|
|||||||||||||||||||||||||||||||||||
|
3 Reviews
|
Average Customer Review
Share your thoughts with other customers
Create your own review
|
|
Most Helpful First | Newest First
|
|
2 of 2 people found the following review helpful:
4.0 out of 5 stars
Boodle-Am Boodle-Am Boo!,
This review is from: Louisville Stomp (Audio CD)
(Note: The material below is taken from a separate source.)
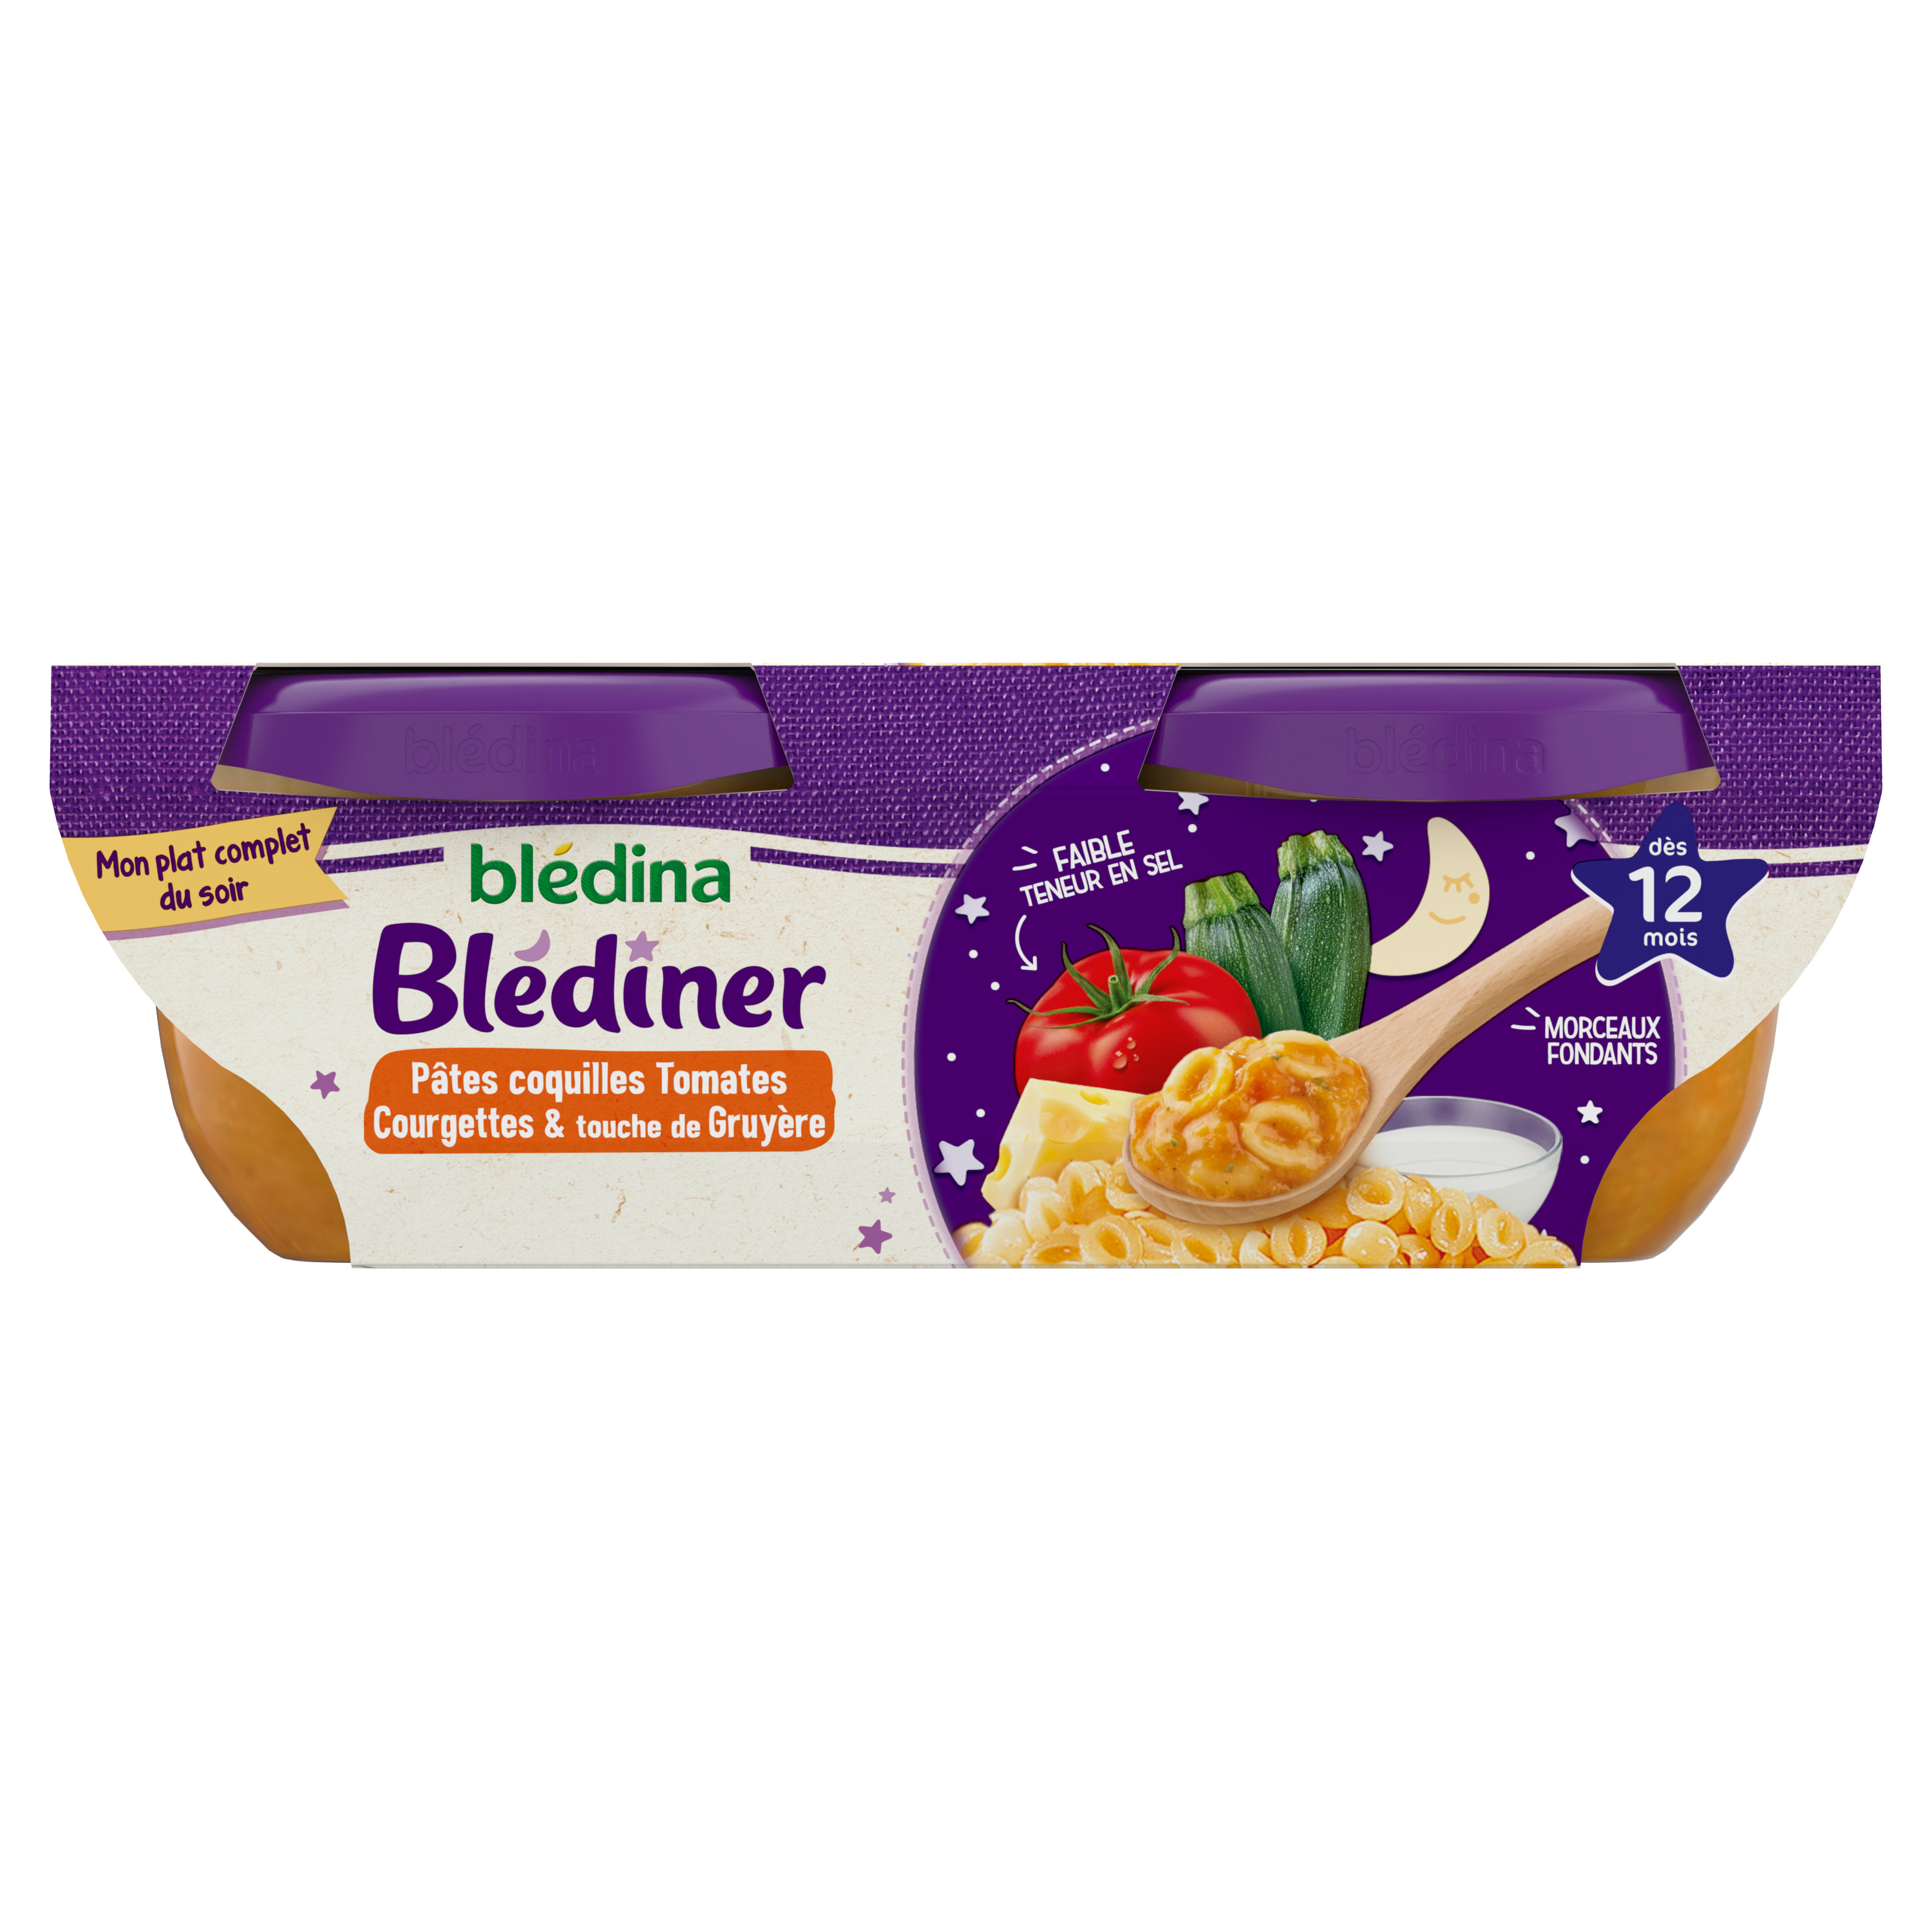 Blédidej Croissance Chocolat gourmand dès 12 mois BLEDINA : Comparateur,  Avis, Prix

Don't let the amateurish look of the packaging discourage you--this is one great CD! It collects all the extant issued recordings and alternates by the Dixieland Jug Blowers--a studio group that recorded for Victor on a couple sessions in 1926 and 1927. This is hot jazz mixed with old-time country music. As the name of the group suggests, the star attraction here is the empty gallon stone jug played to perfection by jug virtuoso Henry Clifford. Despite its wheezy fart-like sounds, it's actually a difficult instrument to master, and Clifford really goes to town with it (working in a few short solo breaks here and there to great effect!). Jazz fans will be interested to know that clarinestist Johnny Dodds is featured on tracks 8-13. The sound quality is fantastic--all tracks were transferred and restored by legendary engineer John R. T. Davies. These tracks have never sounded better! A few label scans, photos, or additional notes (there are onyl three panels' worth) would have been appreciated, but this is not a major flaw. The music's the thing here, and it's just great. Forget "high-brow" music for the moment--this is about as "low-brow" as it gets, but it will have you smiling and tapping your foot, and that's what's important. This isn't one of those discs I put on and listen to from start to end, but I pull it out from time to time and get a real thrill from five or six cuts before putting it away again. Fun stuff! Recommended!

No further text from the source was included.